Can virtual reality reduce patient anxiety during surgery and save on sedatives? A study suggests so.
New technologies also find their place in medicine. Surgeons train in virtual reality or prepare for complex operations, such as the separation of conjoined twins. In the future, patients may also benefit from VR headsets in the operating room.
The surgery is usually performed under local anesthesia. Doctors block a local nerve, but patients remain fully conscious during the operation.
To prevent them from having anxiety or panic attacks during surgery, they are put into a twilight state with sedatives. This can sometimes have unwanted side effects.
Does virtual reality prevent anxiety in the operating room?

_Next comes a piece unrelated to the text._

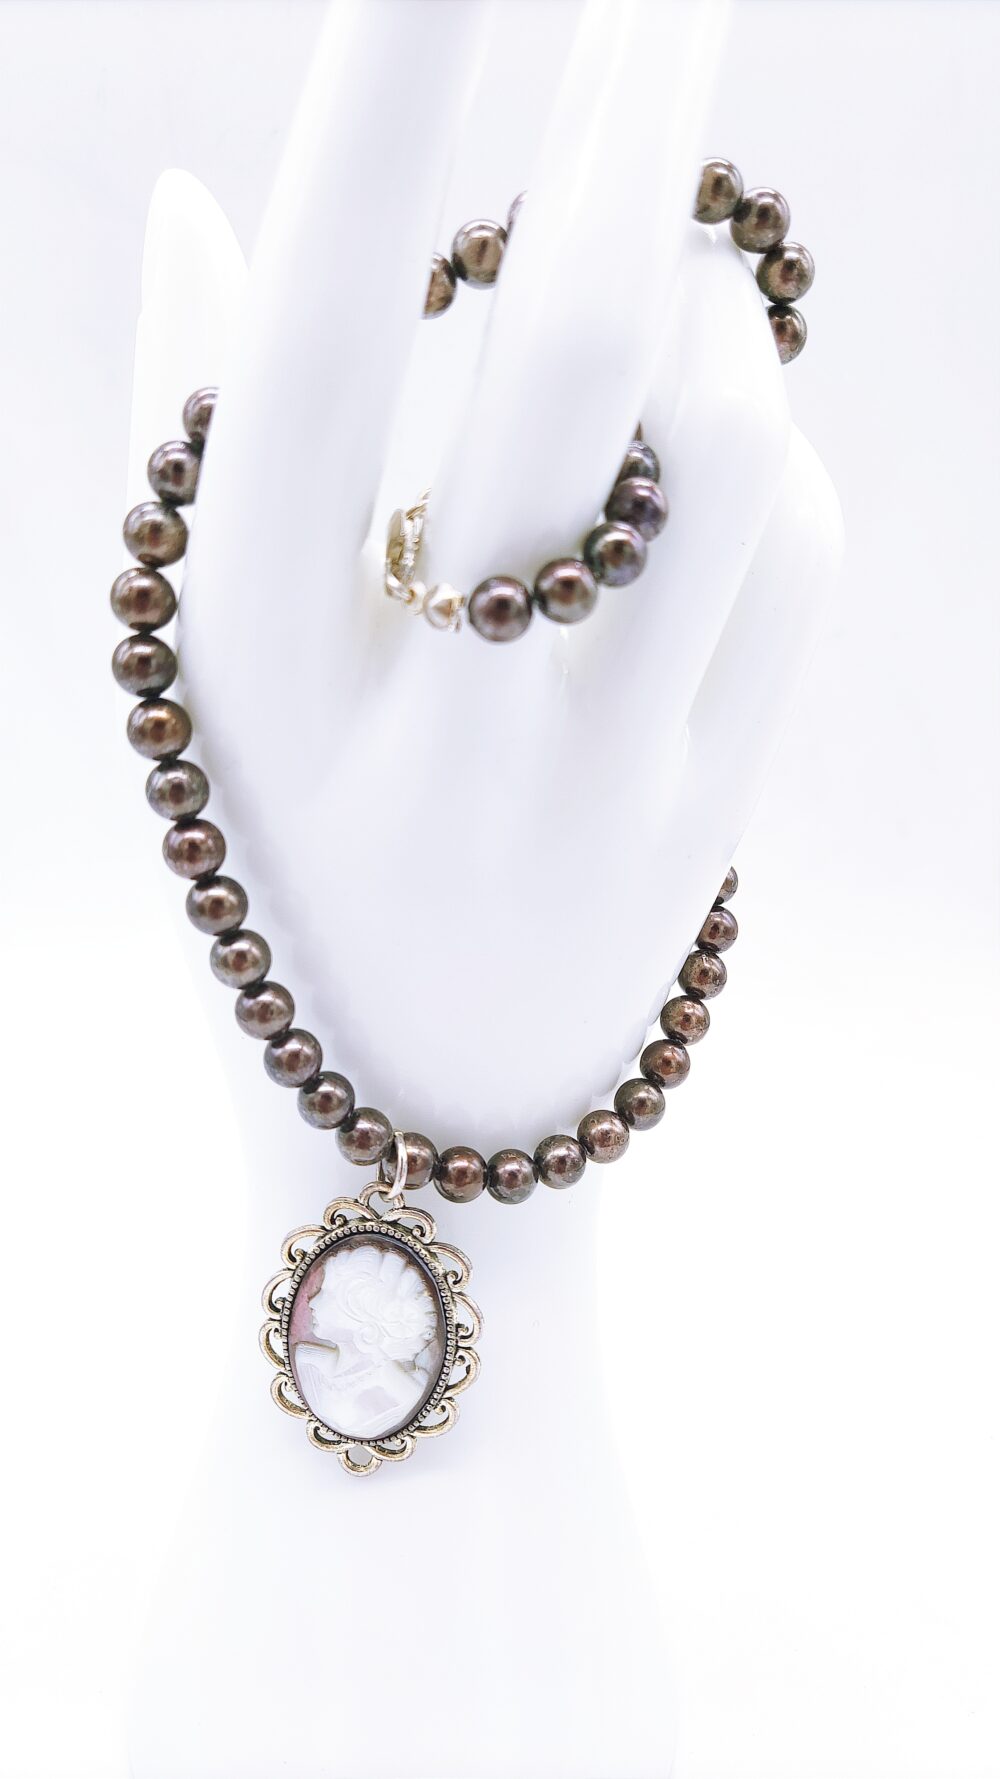 Necklace brown pearls and cameo pendant vintage style 1

As an anesthesiologist, Professor Adeel Faruki of the University of Colorado School of Medicine must be constantly alert to patients’ pain and anxiety. Most sedatives are safe, he says, but they slow breathing and raise blood pressure.
For one study, Faruki and a team of researchers looked at 40 patients who had undergone hand surgery. The idea: Why not use virtual reality to distract patients and reduce their anxiety without using sedatives?
The results of the Colorado study are remarkable. Patients who watched VR content during surgery and were shielded from ambient noise with headphones used significantly less sedation per hour than patients who were traditionally sedated.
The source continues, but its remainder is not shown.